1. **CLI flags** (highest priority)
2. **`dupes.toml`** in the project root
3. **`Cargo.toml`** under `[package.metadata.dupes]`

### `dupes.toml`

```toml
min_nodes = 15
min_lines = 5
similarity_threshold = 0.85
exclude = ["tests", "benches"]
exclude_tests = true
max_exact_duplicates = 0
max_near_duplicates = 10
max_exact_percent = 5.0
max_near_percent = 10.0
```

### `Cargo.toml`

```toml
[package.metadata.dupes]
min_nodes = 15
similarity_threshold = 0.85
exclude = ["tests"]
```

### Configuration Options

| Option | Default | Description |
|--------|---------|-------------|
| `min_nodes` | `10` | Minimum AST node count for a code unit to be analyzed. Increase to skip trivial functions. |
| `min_lines` | `0` | Minimum source line count for a code unit to be analyzed. `0` means disabled. |
| `similarity_threshold` | `0.8` | Minimum similarity score (0.0-1.0) for near-duplicate detection. |
| `exclude` | `[]` | Path patterns to exclude from scanning (substring match). |
| `exclude_tests` | `false` | Exclude `#[test]` functions and `#[cfg(test)]` modules from analysis. |
| `max_exact_duplicates` | `None` | For `check` subcommand: maximum allowed exact duplicate groups. |
| `max_near_duplicates` | `None` | For `check` subcommand: maximum allowed near-duplicate groups. |
| `max_exact_percent` | `None` | For `check` subcommand: maximum allowed exact duplicate line percentage. |
| `max_near_percent` | `None` | For `check` subcommand: maximum allowed near-duplicate line percentage. |

## Ignoring Duplicates

Some duplicates are intentional (e.g., test helpers, trait implementations).
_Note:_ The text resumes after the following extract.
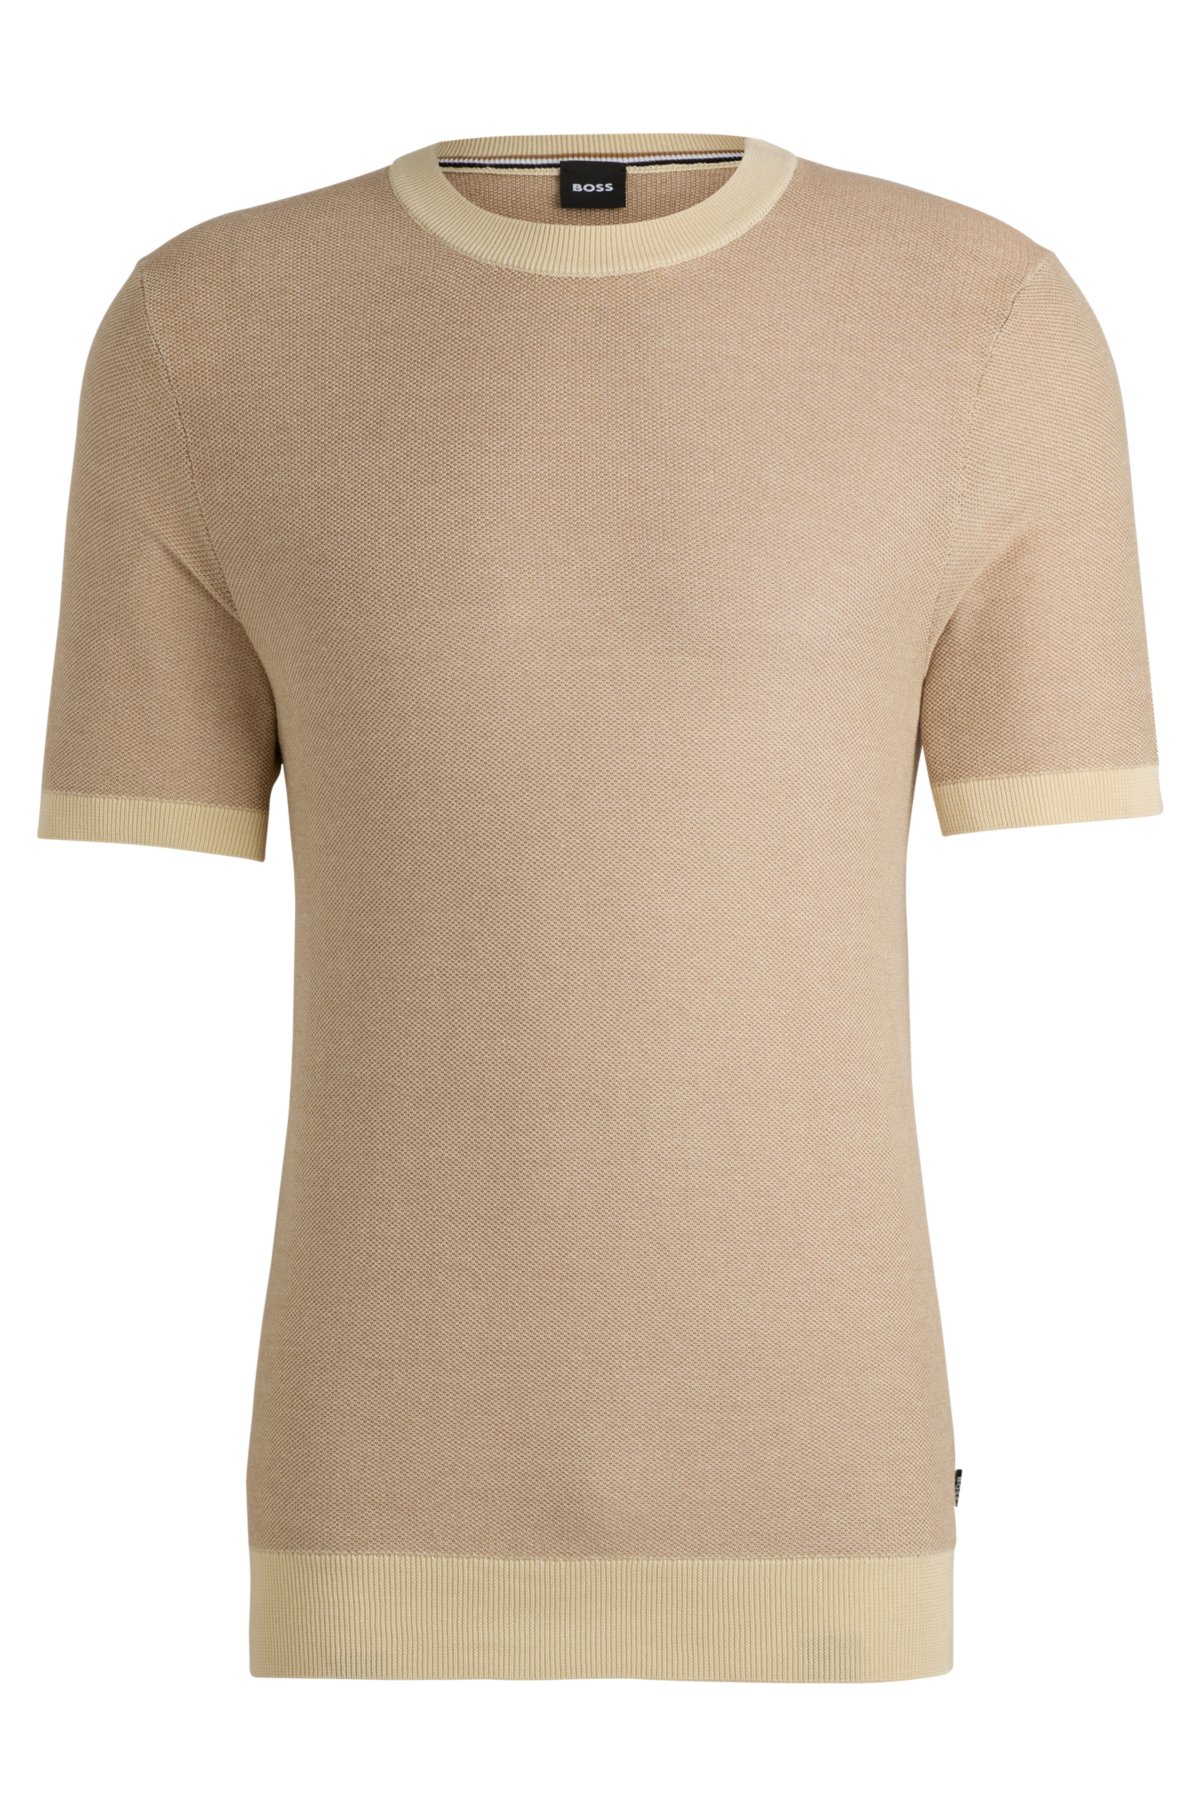 Short-sleeved cotton-blend sweater with micro structure, Light Beige
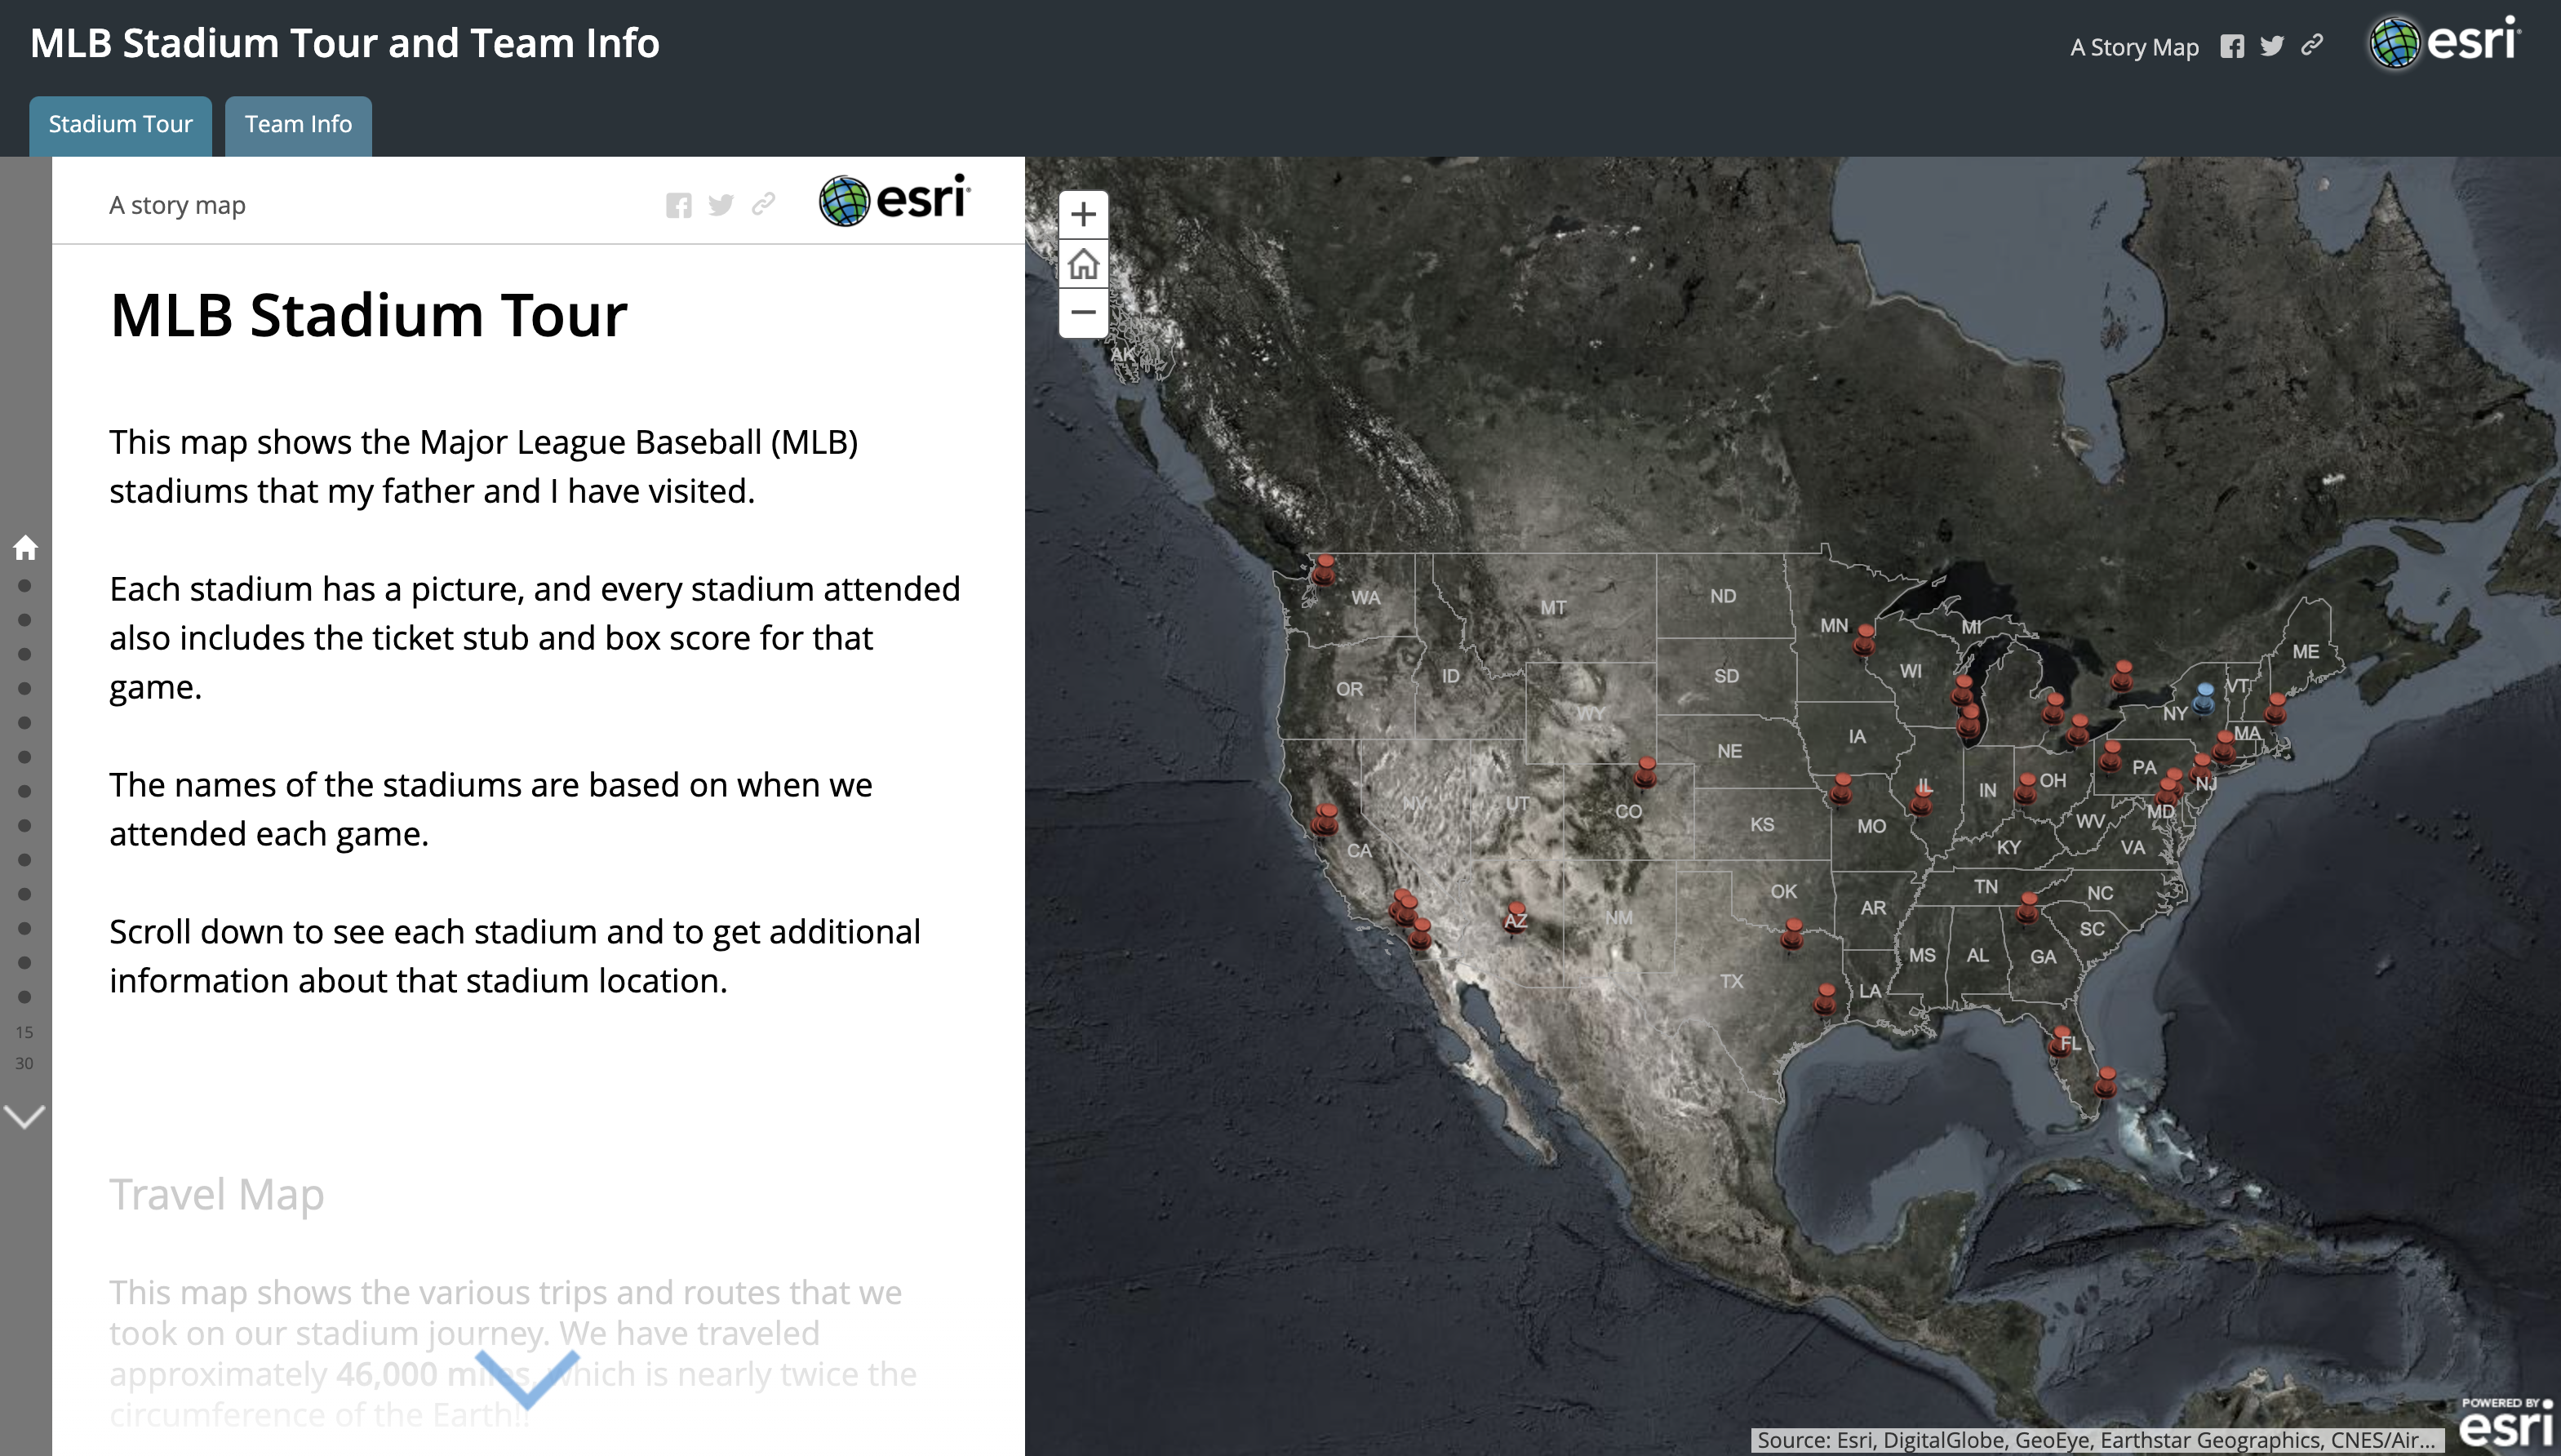 “Play Ball!” Story Map

You can ignore them by fingerprint:

```sh
# Add a fingerprint to the ignore list
$ cargo dupes ignore 2a182da9e04e9428 --reason "Intentional test helpers"
Added 2a182da9e04e9428 to ignore list.

# List ignored fingerprints
$ cargo dupes ignored
Ignored fingerprints:
  2a182da9e04e9428 (reason: Intentional test helpers)

# Ignored groups are automatically filtered from reports and checks
$ cargo dupes report
# The ignored group will not appear
```

The ignore list is stored in `.dupes-ignore.toml` in the project root.

## CI Integration

Use the `check` subcommand in CI pipelines:

```yaml
# GitHub Actions example
- name: Check for code duplication
  run: cargo dupes check --max-exact 0 --max-exact-percent 5.0
```

Exit codes:
- **0** — Check passed (within thresholds)
- **1** — Check failed (thresholds exceeded)
- **2** — Error (no source files, invalid path, etc.)

## What Gets Analyzed

| Code Unit | Description |
|-----------|-------------|
| **Functions** | Top-level `fn` items |
| **Methods** | `fn` items inside `impl` blocks |
| **Trait impls** | `fn` items inside `impl Trait for Type` blocks |
| **Closures** | Closure expressions (above the min node threshold) |

The scanner automatically:
- Skips `target/` directories
- Skips hidden directories (starting with `.`)
- Respects exclude patterns
- Handles parse errors gracefully (skips unparseable files with a warning)

## Development

**Requirements:** Rust 1.85+ (edition 2024)

```sh
cargo build          # Build
cargo test           # Run all 147 tests
cargo clippy         # Lint check
cargo fmt --check    # Format check
```

Pre-commit hooks (via `cargo-husky`) run clippy and rustfmt automatically.

## License

This project is licensed under the [MIT License](LICENSE).